Rabbrividii, ma non mi dava tanto fastidio. Mi piace il freddo che ti pizzica la punta del naso, che ti fa arrossire le guance e screpolare le mani. Mi misi una sigaretta in bocca e la accesi. Tra qualche ora avrebbe sicuramente rincominciato a nevicare. Probabilmente erano le sei e mezza di mattina perché le prime auto avevano iniziato a scorrere lungo la strada. Ero assorta nei miei pensieri che sobbalzai quando sentii lo sbattersi di una porta. Mi girai di scatto facendo cadere la sigaretta, vidi Holden in camicia e boxer, sì
boxer, avete capito, che veniva verso la finestra con aria contrariata.
- Cos’hai addosso? Togliti la mia camicia. E quelle sono le mie sigarette? Poggiale, non ho abbastanza soldi per comprarle e dividerle con qualcuno, soprattutto se quel qualcuno mi ha dato del maniaco sessuale tutta la sera poi, Cristo.
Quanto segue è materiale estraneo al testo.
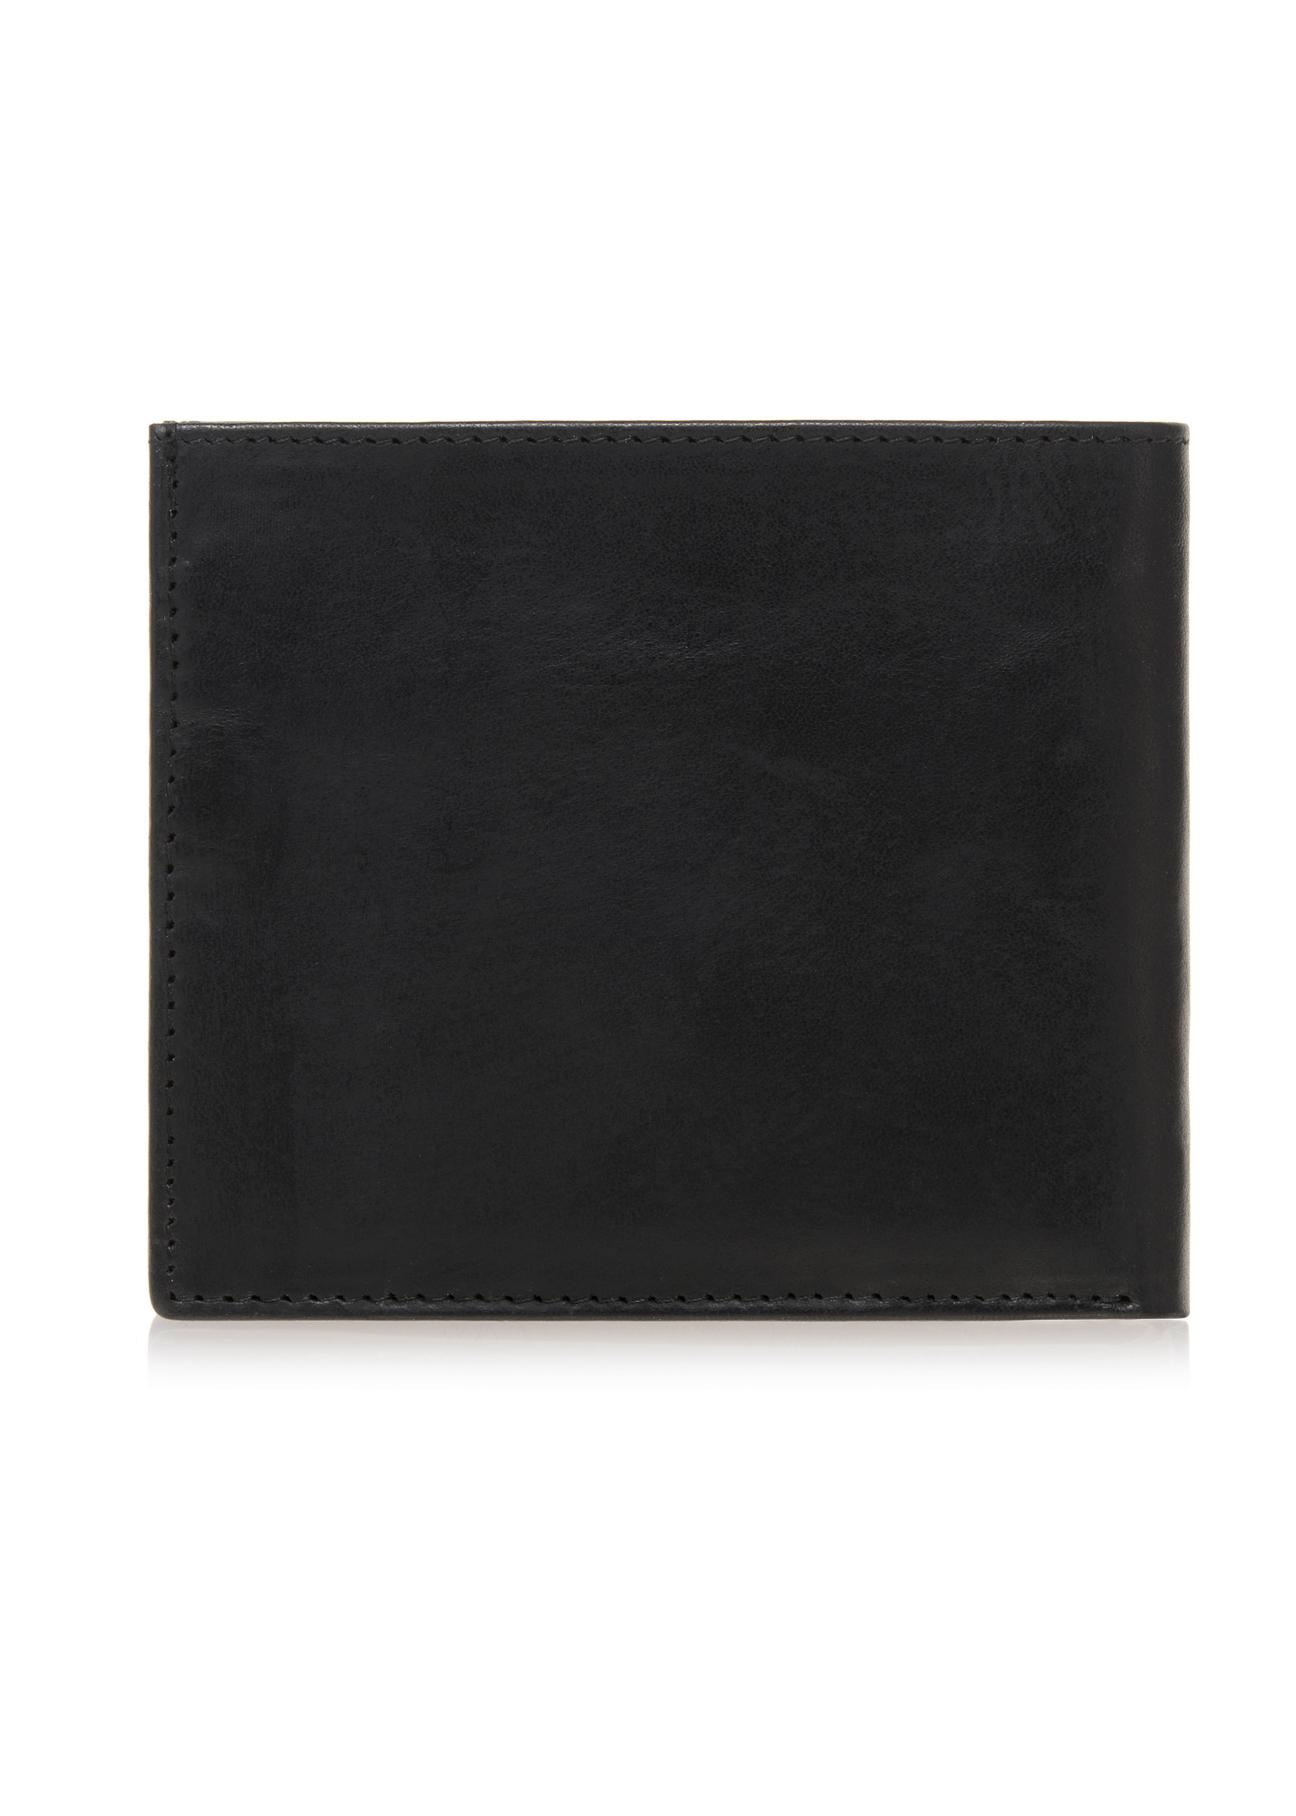 Skórzany czarny portfel męski PORMS-0547-99(W23)

- Smettila, lasciami stare. Non ti dirò più che sei un maniaco se ti dà tanto fastidio, va bene? Anche se è la verità - gesticolai con voce acuta.
- Vuoi anche la tua camicia schifa? Tieni, guarda me la tolgo subito, non sopporto l’idea di avere addosso… - mi stavo sbottonando il terzo bottone quando lui si copre con un avambraccio gli occhi e mi fa.
-N-non spogliarti. Togliti la camicia ma
dentro. - Sentii una nota di imbarazzo nella voce. Mi prese un gomito e provò a trascinarmi in stanza. Mi divincolai.
- Io rimango qui fuori. Tu torna a dormire se devi fare il petulante in questa maniera!
- Ti verrà una maledetta polmonite.
- Credi che me ne freghi qualcosa?
- Vai a quel paese, fa come ti pare. Spero che tu cada di sotto.
Sentii la rabbia dilaniarmi dentro, lui sbattè la finestra e la richiuse. Continuai a fissare gli edifici e il rosa dell'alba che iniziava a macchiare il cielo grigio e statico. Mi passo un brivido lungo la schiena, una goccia di pioggia scese e mi bagnò il piede. Chiusi gli occhi. Vento, passi per strada, le macchine in lontananza, se stavo abbastanza zitta anche con la mente riuscivo a sentire il respiro della città. Tornai dal mio viaggio mentale, rientrai in stanza e vidi che lui stava appoggiato con la schiena allo schienale del letto. Perfettamente sveglio. E luicido.
- Ti dispiacerebbe ridarmi la sigaretta che mi hai fatto cadere di sotto prima? - gli chiesi scorbutica.
- Preferirei non dover più fumare a vita.
Gli mostrai il dito medio e mi sedetti alla sedia davanti la scrivania, con le braccia conserte. Avevo i piedi freddi, gelidi, così come le mani. Mi sembrava di avere dei blocchi di ghiaccio al posto di essi.
- E poi tu avevi detto di non fumare – biascicò lui guardandomi fisso.
- E allora? Esistono cose chiamate 'bugie'.
- Ha ha ha. Davvero divertente. - sarcasmo nella voce.
Rabbrividii, mi alzai dalla sedia e andai in bagno. Accesi la luce e mi guardai allo specchio: rossetto sulle guance, aloni neri causati dalla matita e dal mascara dovunque, e in più avevo i capelli umidi e crespi. Ero lo scempio. Tornai in stanza, mi attorcigliai i capelli e mi ci infilai due penne trovate in giro e poi mi misi sul letto. Erano ormai le sette, ero frustrata, infreddolita e necessitavo nicotina. E il tizio che era con me non era nemmeno di buona compagnia. Fanculo.